# DATA SUPPLIED

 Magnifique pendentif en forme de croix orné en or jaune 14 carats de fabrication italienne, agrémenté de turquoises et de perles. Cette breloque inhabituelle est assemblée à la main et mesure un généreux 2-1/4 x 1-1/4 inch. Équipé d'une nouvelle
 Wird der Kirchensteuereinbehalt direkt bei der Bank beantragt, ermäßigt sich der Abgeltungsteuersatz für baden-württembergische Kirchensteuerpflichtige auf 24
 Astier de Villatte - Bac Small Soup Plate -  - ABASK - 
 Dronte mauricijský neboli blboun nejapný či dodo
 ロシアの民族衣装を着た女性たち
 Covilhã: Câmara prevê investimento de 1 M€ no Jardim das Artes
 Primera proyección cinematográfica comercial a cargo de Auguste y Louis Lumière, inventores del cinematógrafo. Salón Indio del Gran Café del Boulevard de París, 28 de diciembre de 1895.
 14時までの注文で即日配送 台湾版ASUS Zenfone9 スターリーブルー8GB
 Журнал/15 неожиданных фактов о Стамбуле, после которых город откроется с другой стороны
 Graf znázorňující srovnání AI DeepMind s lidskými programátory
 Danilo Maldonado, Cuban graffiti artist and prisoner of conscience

# YOUR INSTRUCTIONS
Give again only the lines of the material above that run from the one with "Dronte mauricijský neboli" through the end, both included, exactly as they appear.

# REPLY TO THE EXERCISE
 Dronte mauricijský neboli blboun nejapný či dodo
 ロシアの民族衣装を着た女性たち
 Covilhã: Câmara prevê investimento de 1 M€ no Jardim das Artes
 Primera proyección cinematográfica comercial a cargo de Auguste y Louis Lumière, inventores del cinematógrafo. Salón Indio del Gran Café del Boulevard de París, 28 de diciembre de 1895.
 14時までの注文で即日配送 台湾版ASUS Zenfone9 スターリーブルー8GB
 Журнал/15 неожиданных фактов о Стамбуле, после которых город откроется с другой стороны
 Graf znázorňující srovnání AI DeepMind s lidskými programátory
 Danilo Maldonado, Cuban graffiti artist and prisoner of conscience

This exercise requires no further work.